According to Gilmour, “Auditions were not possible, as they would have involved exposing our mission. So our cast was taken from a small number of families in the collaborating clans.” Khan Shinwari himself appears in it, and he persuaded his son Niaz (who plays Niaz), mother (Niaz’s grandmother), business partner (Niaz’s uncle) and others to act in it as well. Gilmour also appears in one scene, as a woman wearing a burqa. Since Gilmour speaks little Pashto, he communicated with the cast through Niaz Khan Shinwari: “What usually happened was that I work-shopped the scene with Niaz, the lead actor, who spoke excellent English. He would then, in turn, discuss the scene with the other actors in Pashto.”
The film’s music was composed by Amanda Brown (formerly a member of The Go-Betweens) and performed by Brown in collaboration with Sydney-based Afghan, Pakistani, and Lebanese musicians. It includes a song sung by Sher Alam Miskeen Ustad Baktiyar, the actor who plays Niaz’s father, Sher Alam Afridi. Baktiyar’s vocals were taken from footage cut from the film, specifically from a scene in which Afridi visits his wife’s grave. The soundtrack was released in September 2008. Jarrod Watt, reviewing the soundtrack for the Australian Broadcasting Corporation, gave it four out of five stars.
The film had its world premiere at the Pusan International Film Festival in October 2007 and its Australian premiere at the Sydney Film Festival in May 2008. It was screened at various other Australian and international film festivals as well, including the Berlin International Film Festival (February 2008), the San Francisco International Film Festival (April 2008), and the Edinburgh International Film Festival (May 2008). Hayat and Niaz Khan Shinwari travelled to Australia for the film’s festival screenings there. It had limited releases in Australia in 2008 (opening on 21 August) and in the UK in 2009.

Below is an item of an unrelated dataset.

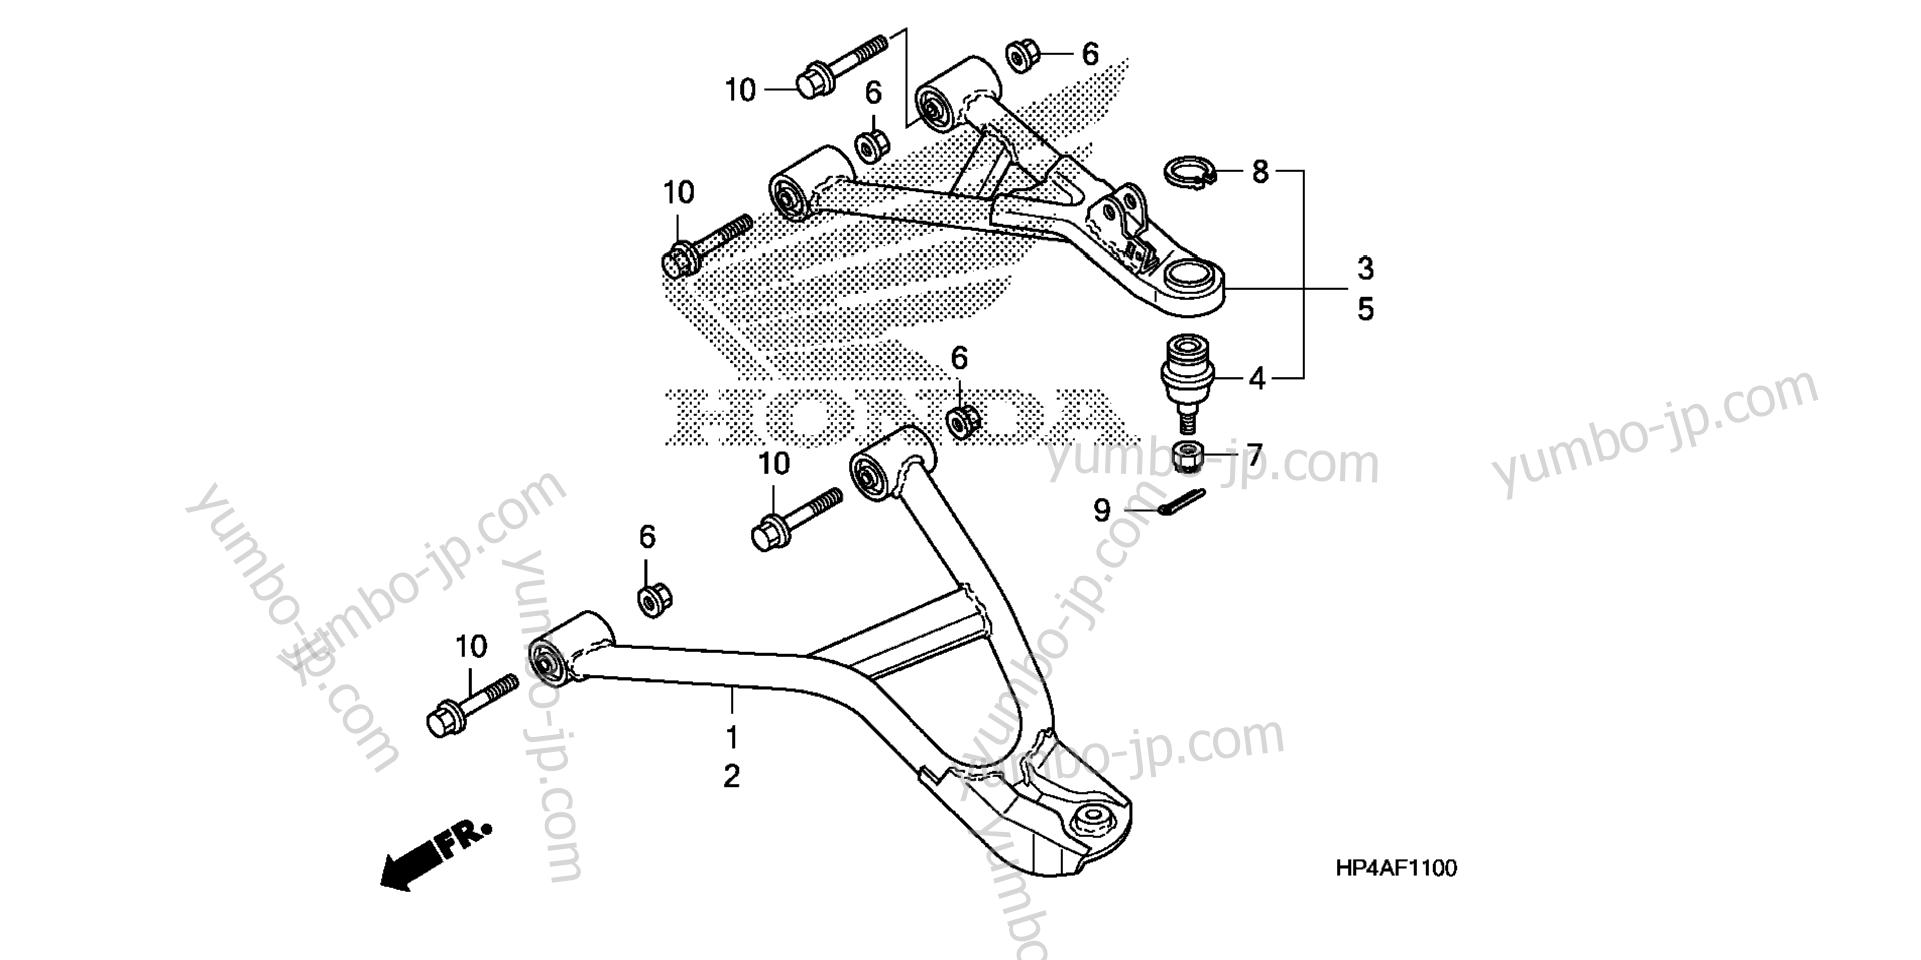 FRONT ARM (2WD) for ATVs HONDA TRX420TE A 2010 year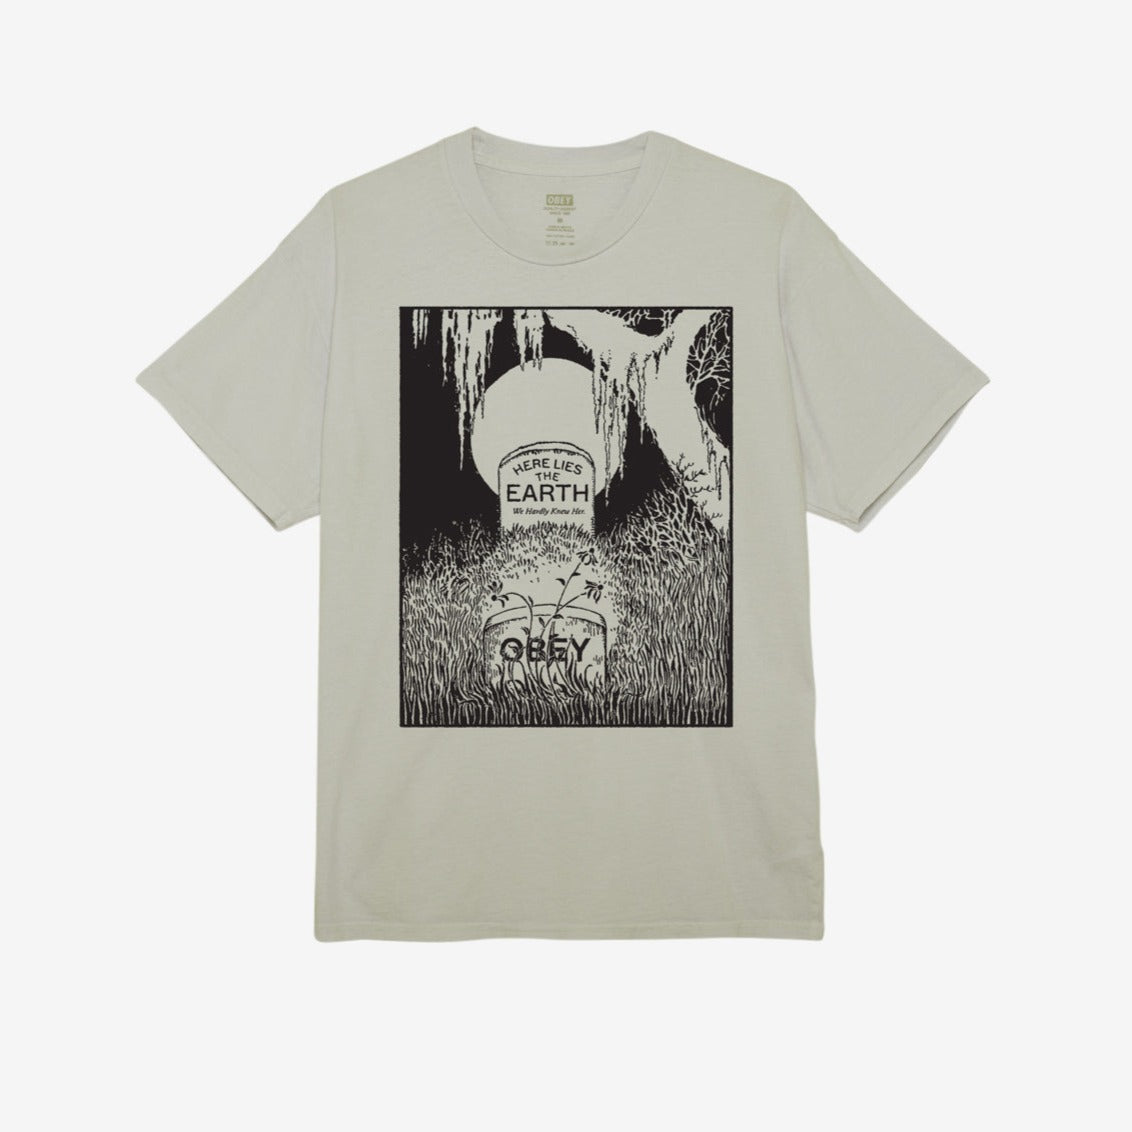 Obey Here Lies the Earth T-Shirt - Pigment Silver

In 2008 Gilmour also published a book about the film’s making, titled Warrior Poets.
In January 2009 Gilmour wrote in a newspaper editorial that “[s]ince completing Son of a Lion in 2007, one of our actors has been shot and killed, another kidnapped, while our production car was destroyed by an explosion in which its owner and his son also died. And yet, after all this, a group of extras from the film has left to join the Taliban.”
Son of a Lion grossed $124,888 at the box office,.
The film was released on DVD in Australia on 7 January 2009. The DVD includes deleted scenes define meat tenderizer, behind the scenes footage, and commentary by Gilmour and Hayat and Niaz Khan Shinwari.
Critics have generally responded positively to the film. As of January 2010 it had an 88% “fresh” rating on Rotten Tomatoes, based on eight reviews.